++++ DATA
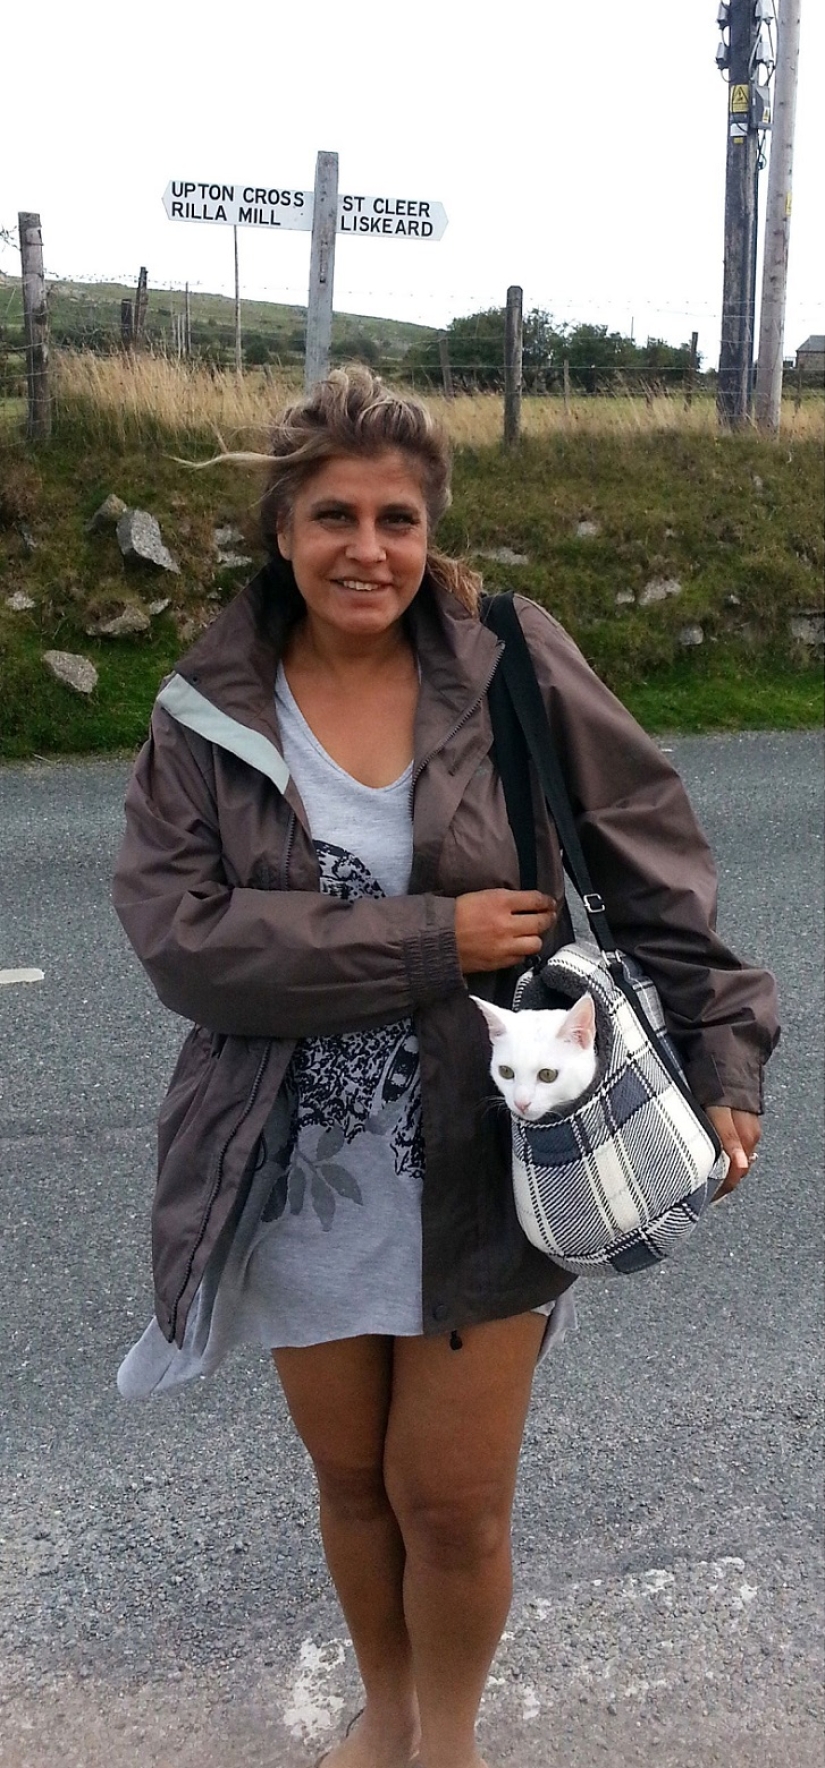 Cat traveling with its owners
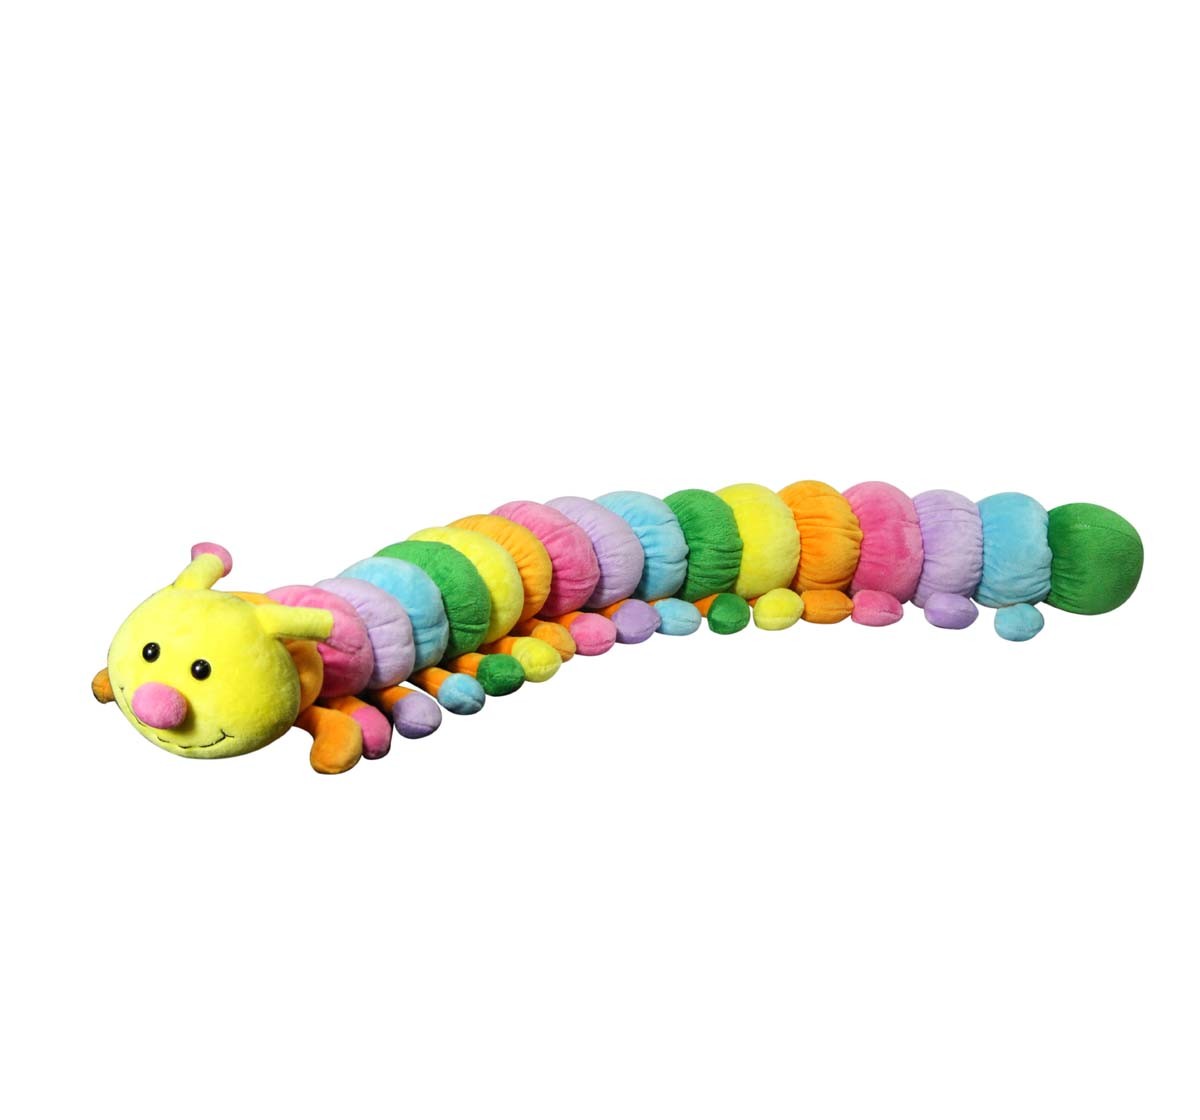  Soft Buddies Caterpillar Jungle Animal Car Rear Tray Table (Xl) Quirky Soft Toys for Kids age 12M+ 12.7 Cm 
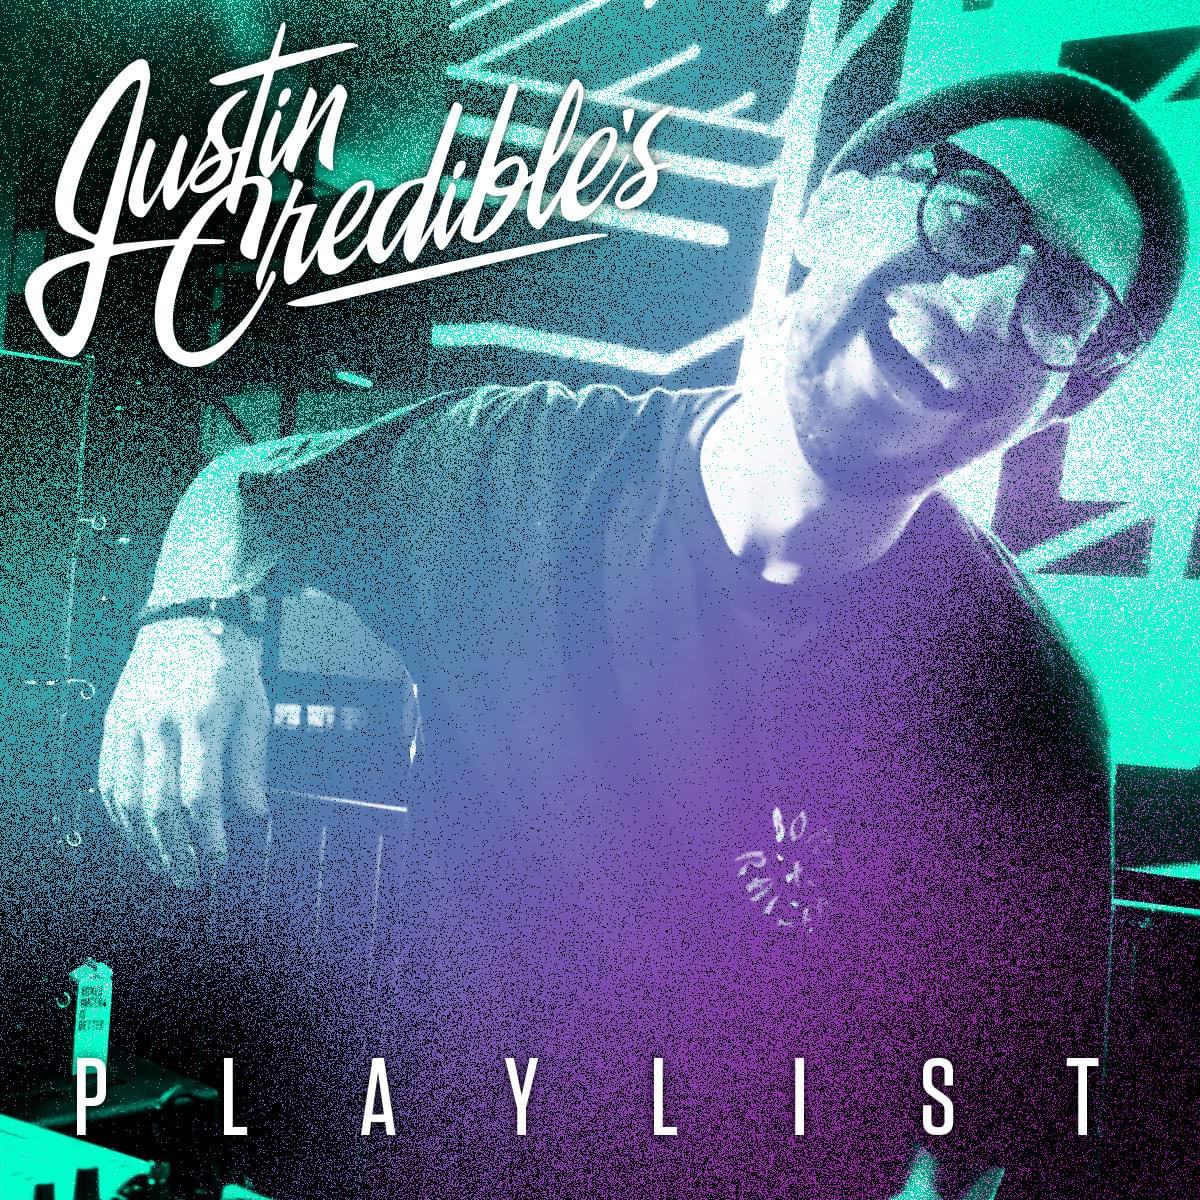 Justin Credible Has 10 of The Hottest New Hip Hop Tracks on His Jus10 Playlist [STREAM]
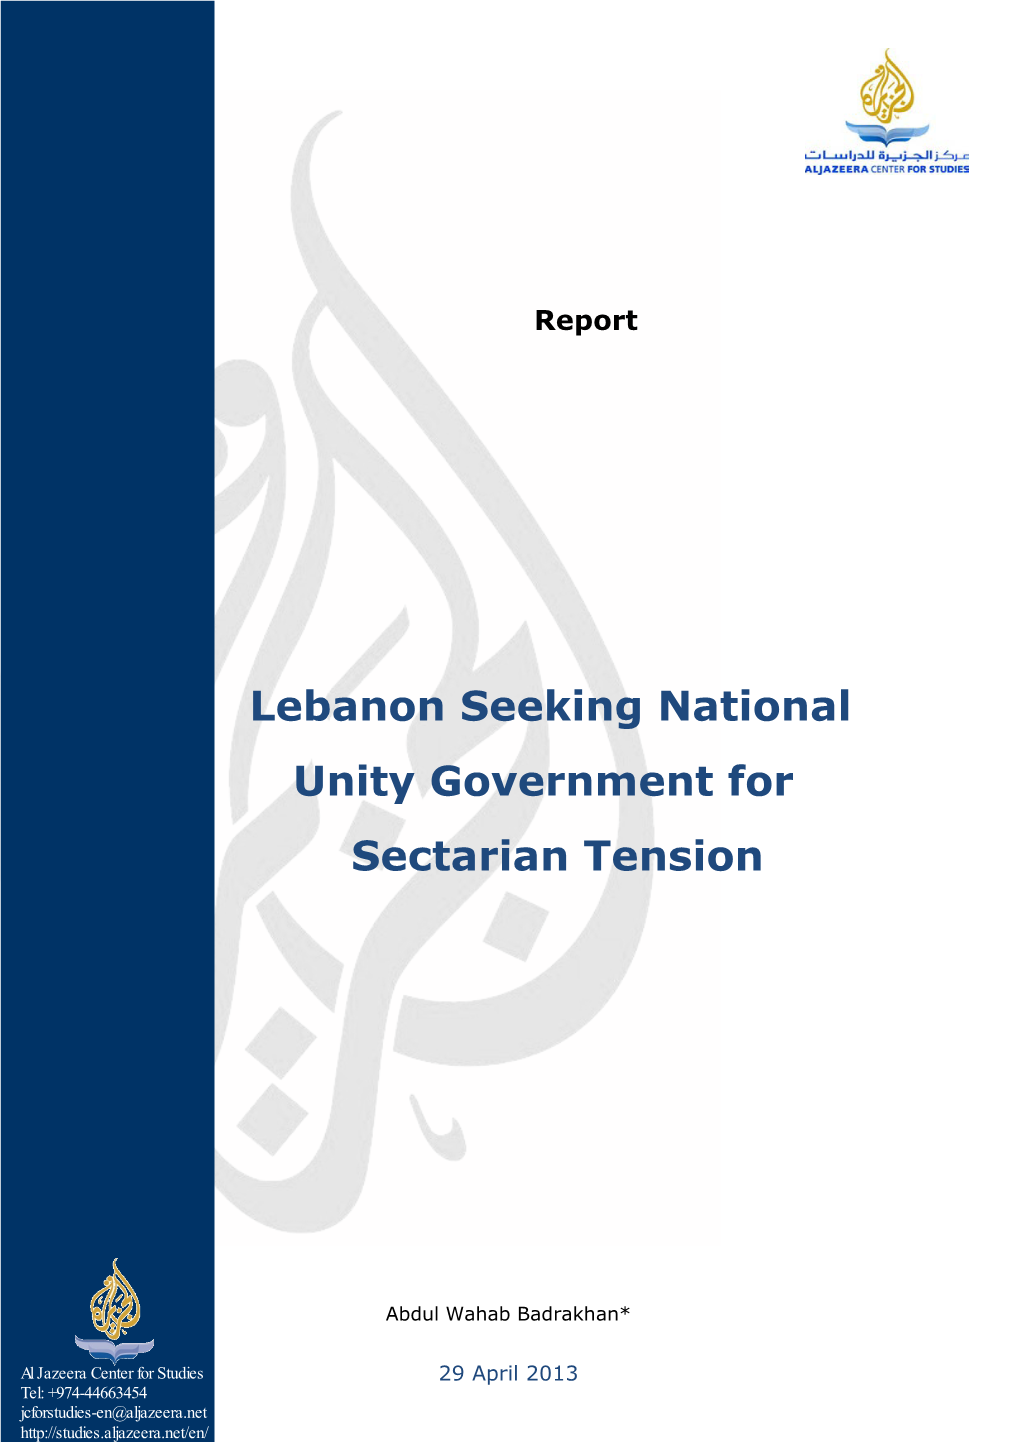 Lebanon Seeking National Unity Government for Sectarian Tension
++++++++
> **HOW TO COMPLETE THIS TASK**
Your task is to retype, exactly and only, the lines from the line holding "Soft Buddies Caterpillar" through the final line of the data above, with both ends kept. Drop the pictures.

> **SOLUTION TO THIS EXERCISE**
  Soft Buddies Caterpillar Jungle Animal Car Rear Tray Table (Xl) Quirky Soft Toys for Kids age 12M+ 12.7 Cm 
 Justin Credible Has 10 of The Hottest New Hip Hop Tracks on His Jus10 Playlist [STREAM]
 Lebanon Seeking National Unity Government for Sectarian Tension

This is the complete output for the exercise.